Your objective:
Below are the records. Retype exactly the lines between the lines holding "偏巧遇到她?! 第 6" and "счет закрытие метро 9 мая списку книг", inclusive.

-------- Data for analysis --------

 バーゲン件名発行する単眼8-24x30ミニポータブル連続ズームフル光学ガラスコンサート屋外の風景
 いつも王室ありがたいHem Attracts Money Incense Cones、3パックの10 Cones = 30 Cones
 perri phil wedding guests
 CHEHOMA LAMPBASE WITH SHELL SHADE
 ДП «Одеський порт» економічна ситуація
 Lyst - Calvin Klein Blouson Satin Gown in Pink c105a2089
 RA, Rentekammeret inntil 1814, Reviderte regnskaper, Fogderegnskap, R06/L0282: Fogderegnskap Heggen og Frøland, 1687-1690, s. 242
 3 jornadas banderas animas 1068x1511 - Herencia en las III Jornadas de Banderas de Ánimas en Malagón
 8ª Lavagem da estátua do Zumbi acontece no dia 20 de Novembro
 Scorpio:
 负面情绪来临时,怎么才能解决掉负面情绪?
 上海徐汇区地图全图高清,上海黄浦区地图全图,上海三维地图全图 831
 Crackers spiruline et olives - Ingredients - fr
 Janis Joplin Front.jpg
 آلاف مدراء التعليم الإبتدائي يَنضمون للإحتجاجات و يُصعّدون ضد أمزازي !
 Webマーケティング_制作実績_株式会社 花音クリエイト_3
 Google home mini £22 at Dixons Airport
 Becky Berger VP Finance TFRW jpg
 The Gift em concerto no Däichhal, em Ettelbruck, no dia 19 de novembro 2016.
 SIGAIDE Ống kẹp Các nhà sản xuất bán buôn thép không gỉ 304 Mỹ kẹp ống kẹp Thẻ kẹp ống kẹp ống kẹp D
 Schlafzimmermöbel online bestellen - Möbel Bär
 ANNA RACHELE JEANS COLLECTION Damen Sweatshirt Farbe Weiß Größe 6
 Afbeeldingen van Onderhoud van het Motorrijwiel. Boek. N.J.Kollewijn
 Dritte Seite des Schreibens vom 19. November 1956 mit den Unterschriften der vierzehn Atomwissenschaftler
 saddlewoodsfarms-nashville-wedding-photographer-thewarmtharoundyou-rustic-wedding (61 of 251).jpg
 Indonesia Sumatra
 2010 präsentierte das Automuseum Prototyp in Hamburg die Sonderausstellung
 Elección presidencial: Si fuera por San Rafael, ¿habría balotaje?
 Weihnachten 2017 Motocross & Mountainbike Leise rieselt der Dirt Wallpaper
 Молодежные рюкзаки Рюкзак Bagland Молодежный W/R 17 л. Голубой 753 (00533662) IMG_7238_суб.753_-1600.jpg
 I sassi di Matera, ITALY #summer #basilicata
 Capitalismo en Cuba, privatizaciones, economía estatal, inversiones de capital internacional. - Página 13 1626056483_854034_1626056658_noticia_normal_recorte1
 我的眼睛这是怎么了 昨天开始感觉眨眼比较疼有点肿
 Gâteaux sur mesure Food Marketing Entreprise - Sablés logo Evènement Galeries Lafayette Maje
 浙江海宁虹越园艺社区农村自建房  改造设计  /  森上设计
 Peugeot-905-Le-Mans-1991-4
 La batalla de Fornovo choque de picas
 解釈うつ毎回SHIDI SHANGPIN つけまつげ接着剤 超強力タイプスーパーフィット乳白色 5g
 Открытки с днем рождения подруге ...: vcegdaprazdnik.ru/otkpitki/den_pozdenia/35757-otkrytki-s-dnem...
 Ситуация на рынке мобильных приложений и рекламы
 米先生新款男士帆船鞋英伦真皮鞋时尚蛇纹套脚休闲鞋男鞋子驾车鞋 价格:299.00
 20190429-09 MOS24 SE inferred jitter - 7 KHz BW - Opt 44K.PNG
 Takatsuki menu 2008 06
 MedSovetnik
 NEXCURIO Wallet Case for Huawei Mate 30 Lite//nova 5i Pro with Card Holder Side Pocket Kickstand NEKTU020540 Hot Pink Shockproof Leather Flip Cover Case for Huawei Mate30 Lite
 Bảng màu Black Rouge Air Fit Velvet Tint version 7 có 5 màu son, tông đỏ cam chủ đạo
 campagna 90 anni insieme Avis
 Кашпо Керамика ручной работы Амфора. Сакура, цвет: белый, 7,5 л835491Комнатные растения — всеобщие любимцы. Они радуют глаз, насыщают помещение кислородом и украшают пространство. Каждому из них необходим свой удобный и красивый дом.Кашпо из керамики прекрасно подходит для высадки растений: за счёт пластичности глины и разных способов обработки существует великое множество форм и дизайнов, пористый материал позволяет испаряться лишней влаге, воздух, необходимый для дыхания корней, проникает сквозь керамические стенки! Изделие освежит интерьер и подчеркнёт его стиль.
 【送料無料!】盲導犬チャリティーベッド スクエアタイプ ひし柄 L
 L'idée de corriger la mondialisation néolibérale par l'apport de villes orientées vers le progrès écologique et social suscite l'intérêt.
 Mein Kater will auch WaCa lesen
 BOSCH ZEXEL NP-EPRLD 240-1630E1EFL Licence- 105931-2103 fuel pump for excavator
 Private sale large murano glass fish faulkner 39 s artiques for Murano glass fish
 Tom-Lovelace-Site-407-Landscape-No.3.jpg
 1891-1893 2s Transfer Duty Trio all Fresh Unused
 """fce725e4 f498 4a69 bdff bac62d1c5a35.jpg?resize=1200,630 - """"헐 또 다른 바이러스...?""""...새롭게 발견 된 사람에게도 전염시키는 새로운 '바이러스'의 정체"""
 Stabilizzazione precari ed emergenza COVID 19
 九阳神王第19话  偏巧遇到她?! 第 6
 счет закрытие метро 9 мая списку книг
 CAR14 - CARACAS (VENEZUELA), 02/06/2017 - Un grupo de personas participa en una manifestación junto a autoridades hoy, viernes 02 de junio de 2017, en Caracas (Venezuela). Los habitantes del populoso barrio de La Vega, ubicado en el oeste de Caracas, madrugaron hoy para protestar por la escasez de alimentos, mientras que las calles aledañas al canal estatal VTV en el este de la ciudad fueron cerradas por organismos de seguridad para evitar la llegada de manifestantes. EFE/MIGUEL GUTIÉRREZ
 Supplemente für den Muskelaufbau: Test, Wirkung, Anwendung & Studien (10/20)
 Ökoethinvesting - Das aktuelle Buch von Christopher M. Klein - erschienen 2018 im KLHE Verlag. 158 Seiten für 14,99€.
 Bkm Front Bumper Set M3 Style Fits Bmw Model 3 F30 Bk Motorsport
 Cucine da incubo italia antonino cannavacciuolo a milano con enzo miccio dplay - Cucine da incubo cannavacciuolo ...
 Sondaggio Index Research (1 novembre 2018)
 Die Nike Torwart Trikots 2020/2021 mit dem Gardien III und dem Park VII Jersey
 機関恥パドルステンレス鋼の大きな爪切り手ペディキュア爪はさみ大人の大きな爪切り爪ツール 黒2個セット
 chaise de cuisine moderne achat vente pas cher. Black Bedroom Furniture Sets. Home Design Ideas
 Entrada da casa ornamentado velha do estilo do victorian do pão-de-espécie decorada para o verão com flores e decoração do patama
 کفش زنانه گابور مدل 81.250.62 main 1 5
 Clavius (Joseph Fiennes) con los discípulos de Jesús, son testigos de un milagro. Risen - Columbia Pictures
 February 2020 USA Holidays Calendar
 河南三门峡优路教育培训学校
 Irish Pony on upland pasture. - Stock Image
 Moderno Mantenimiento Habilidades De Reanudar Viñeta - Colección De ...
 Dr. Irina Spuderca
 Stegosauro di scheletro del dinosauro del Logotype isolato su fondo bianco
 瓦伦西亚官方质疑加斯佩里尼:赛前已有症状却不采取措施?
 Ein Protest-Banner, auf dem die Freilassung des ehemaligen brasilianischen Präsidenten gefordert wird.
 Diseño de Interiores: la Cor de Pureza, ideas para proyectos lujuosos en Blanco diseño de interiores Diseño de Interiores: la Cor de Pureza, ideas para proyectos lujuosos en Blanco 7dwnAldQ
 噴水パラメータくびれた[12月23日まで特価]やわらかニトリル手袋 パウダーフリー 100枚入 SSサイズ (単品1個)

--------

Response box:
 九阳神王第19话  偏巧遇到她?! 第 6
 счет закрытие метро 9 мая списку книг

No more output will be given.